In a recent blog post, Waterfall with sprints, we discuss a common anti-pattern of agile adoption, resulting in teams practicing agile techniques and routines without essentially change the way they approach product development to truly reflect the agile principles and mindset.

How do you know if you are practicing Waterfall with sprints?

In this blog post, we talk about a common agile anti-pattern involving demos, which we have experienced in numerous occasions. We’ll use Scrum terminology but what we cover applies to Kanban just the same.

In Scrum, Sprint Review is one of the core events that helps a team inspect and adapt. In particular, in a sprint review we inspect the product increment created by the team (or their attempt to create one) and adapt the product backlog based on the feedback shared by all the stakeholders.

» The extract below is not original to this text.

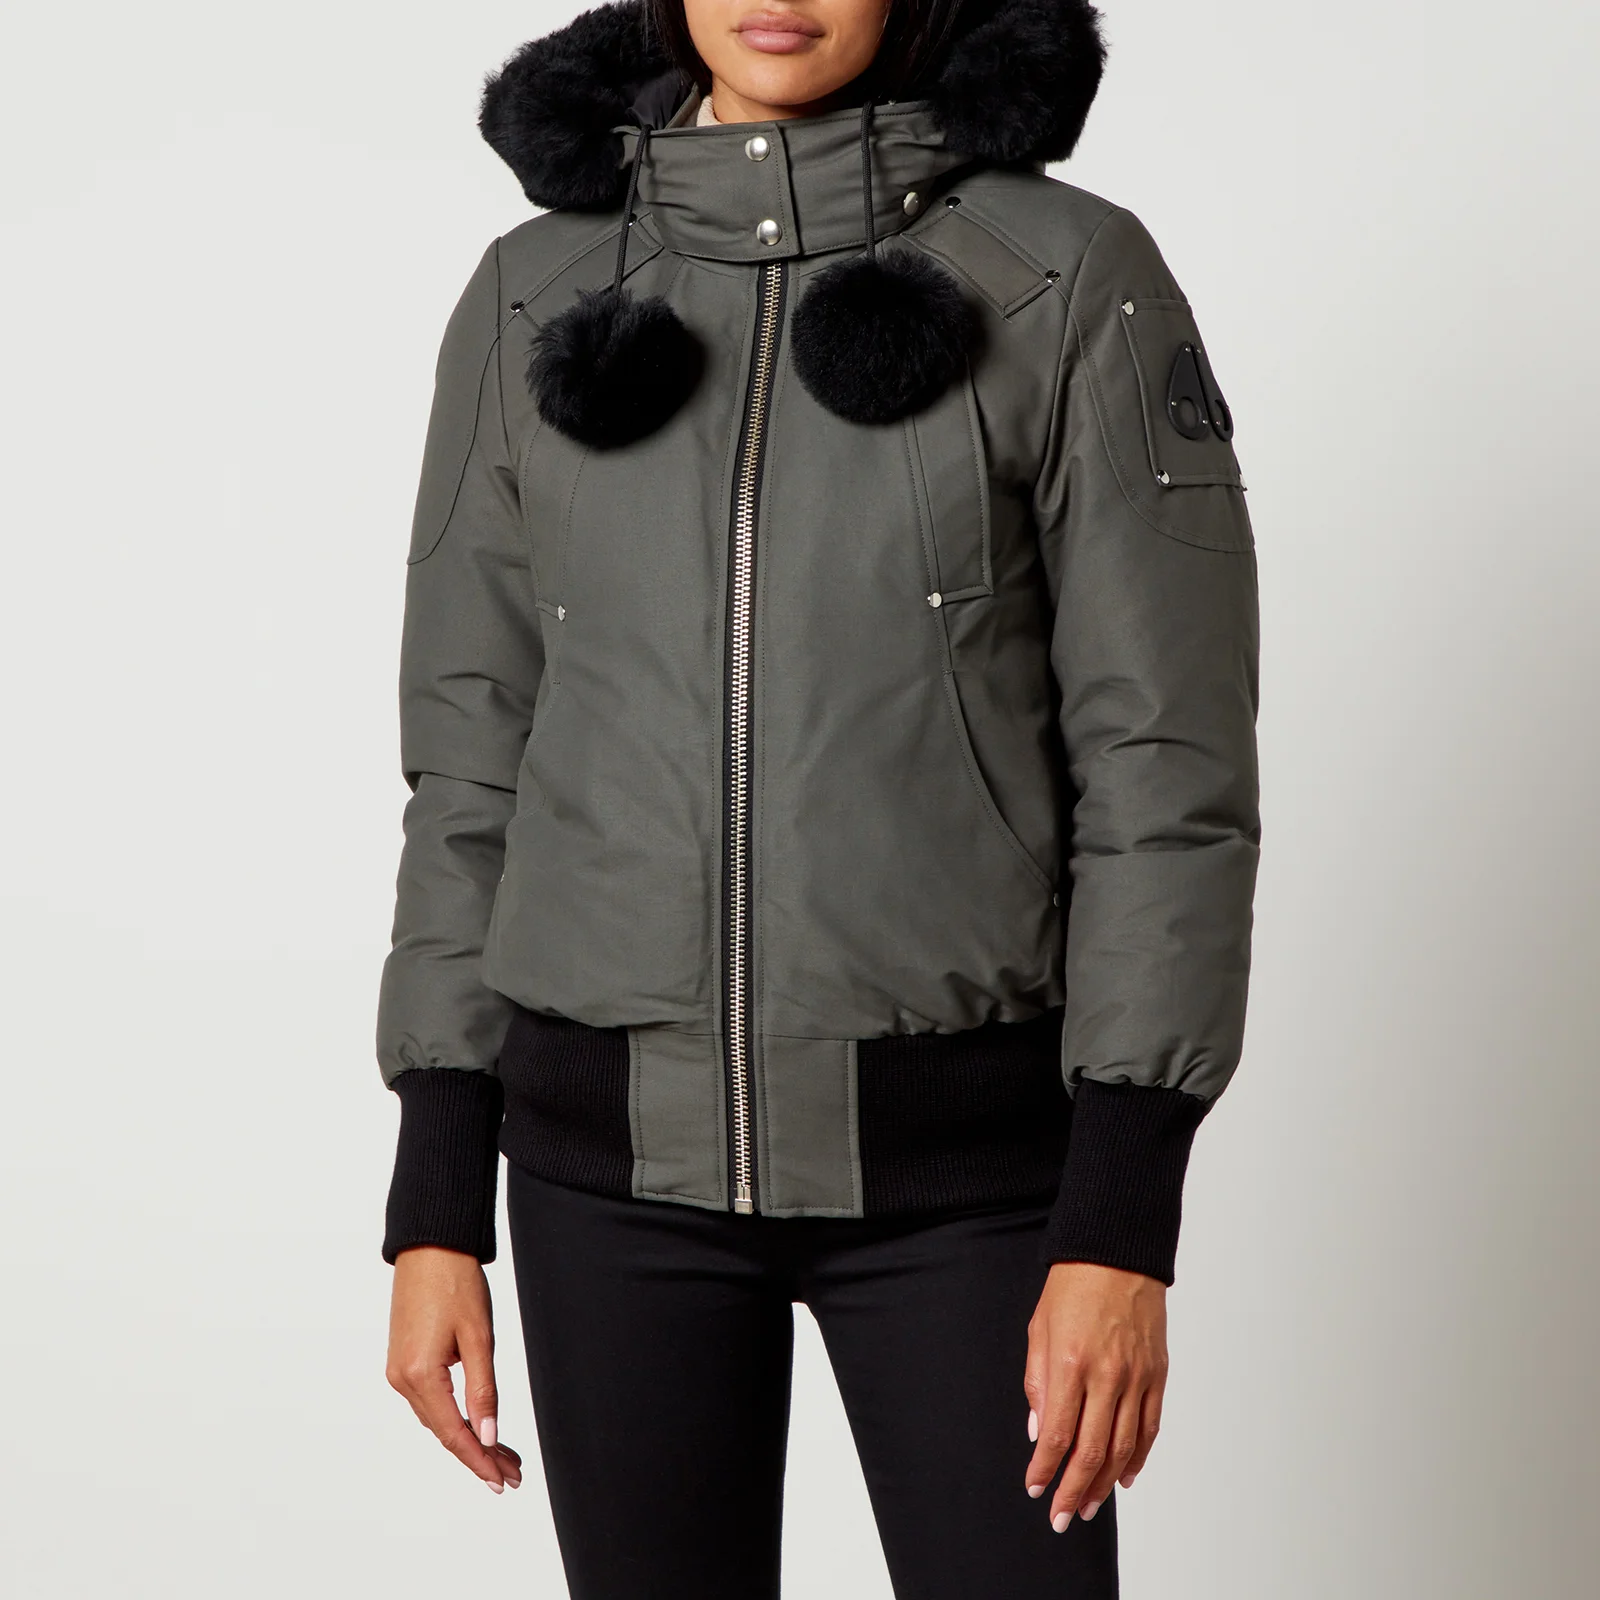 Moose Knuckles Debbie Cotton and Nylon Bomber Jacket - XS Image 1

This implies that demonstrating the latest product increment is an essential part of a sprint review, but not the only thing that takes place. In particular, we need to leave space for feedback to be shared and captured. Moreover, if the team’s velocity (or equivalent) is known, this meeting will be an opportunity for the Product Owner to make a forecast of when the team will be able to deliver — or deliver the next milestone — and share it with the stakeholders that are present.

Feedback cycle

Without running the risk of over-simplifying Scrum, we could say that the feedback cycle is all there, in our ability to produce a product increment, get feedback from stakeholders/customers and iterate again.

Increments enable iterations.

Waterfall with sprints

Now, let’s imagine a team who has fallen into the “Waterfall with sprints” trap. What will their sprint demo look like?

If we end up working with a fixed scope, fixed time mindset, then sprint reviews reduce themselves to just being sprint demos, i.e. a mere opportunity for Product Owners and teams to show stakeholders how much progress towards the finish line has been made to date. Stakeholders will be happy if we tell them that there isn’t much left to do, and less happy if we tell them that we’re still far from the finish line.

Customer feedback is no longer taken into account, does not affect future outcomes, and changes of direction are not welcome because they affect the project schedule. We are no longer measuring value.

Going to your team’s demo is a great way to detect whether you have fallen into the “Waterfall with sprints” trap.